Data below -
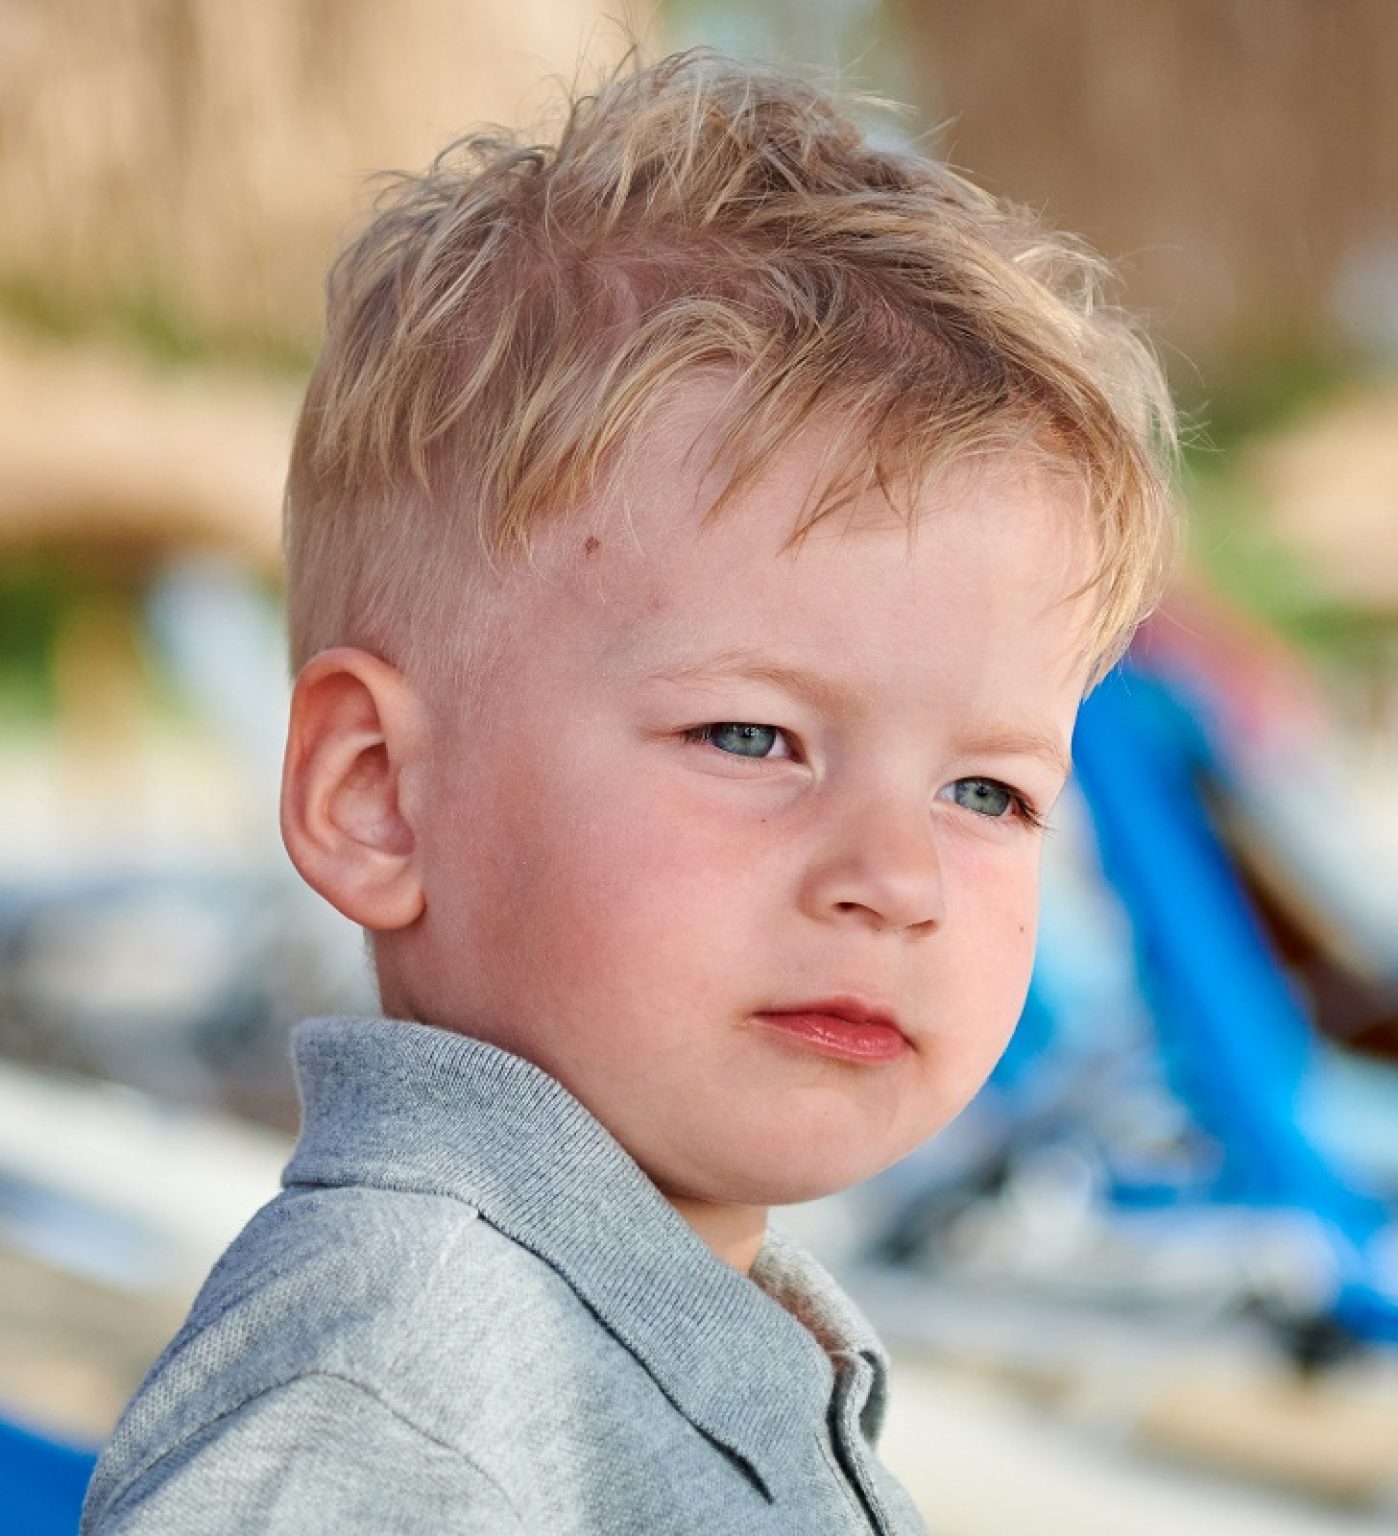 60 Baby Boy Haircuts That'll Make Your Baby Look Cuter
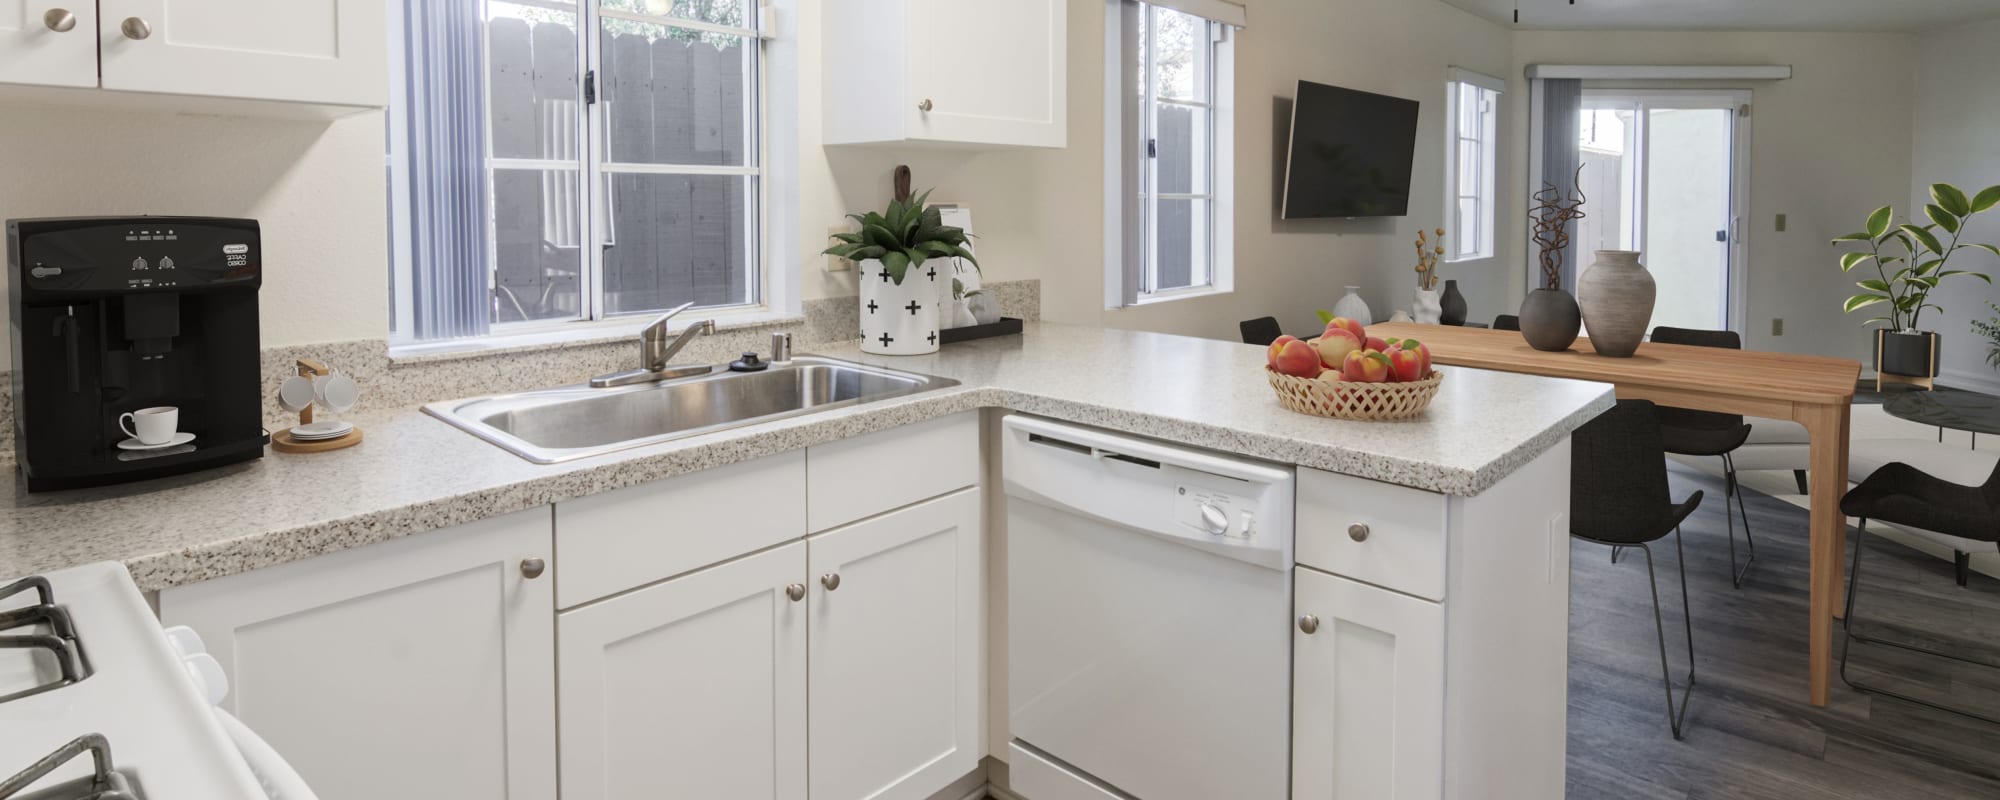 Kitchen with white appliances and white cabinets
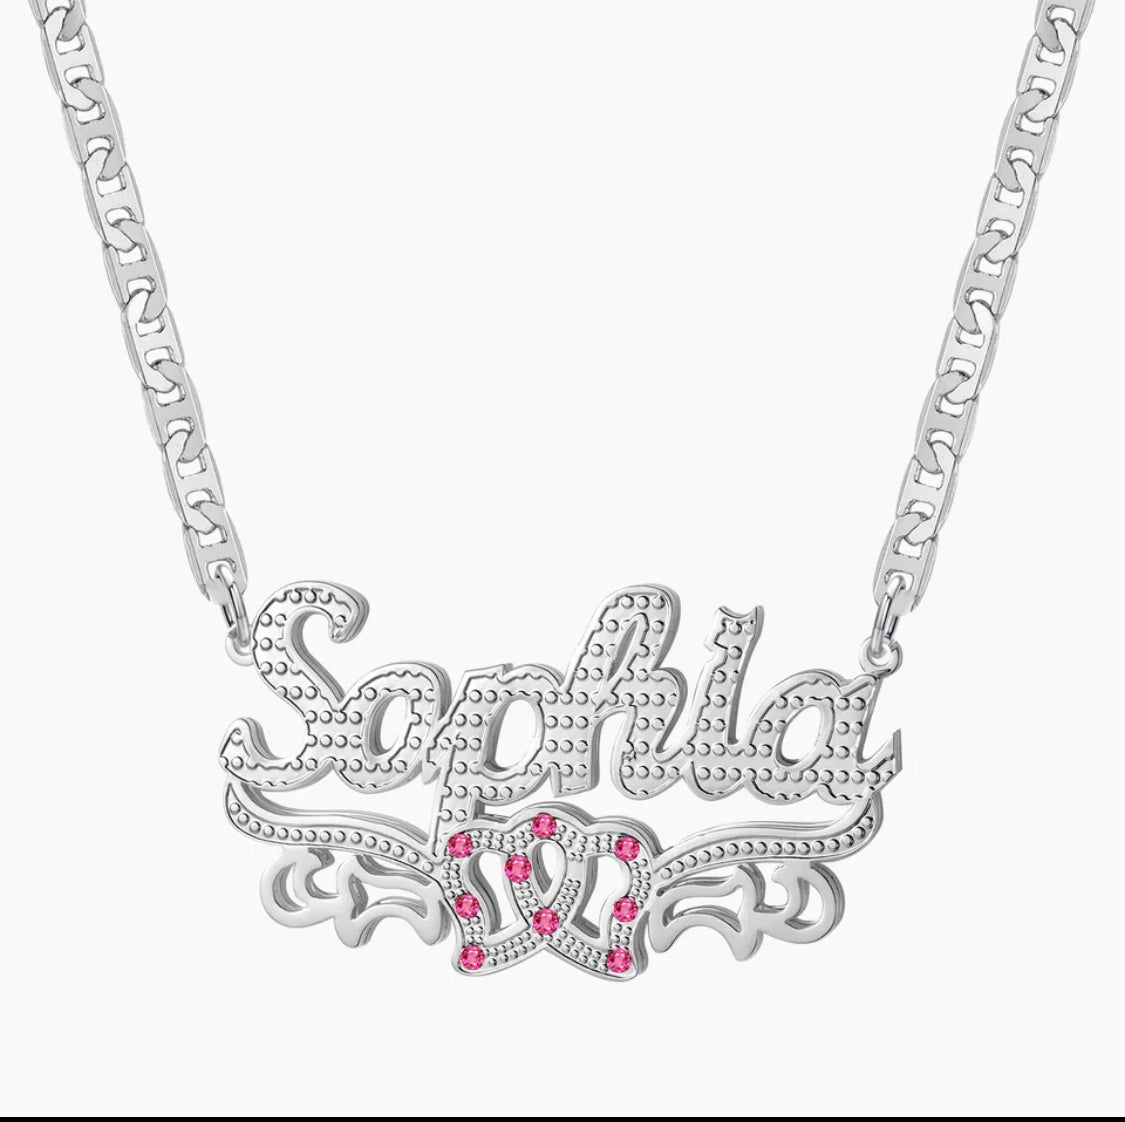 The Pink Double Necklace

What you are asked to do - Write the data out again exactly, but without its images.

Answer section -
 60 Baby Boy Haircuts That'll Make Your Baby Look Cuter
 Kitchen with white appliances and white cabinets
 The Pink Double Necklace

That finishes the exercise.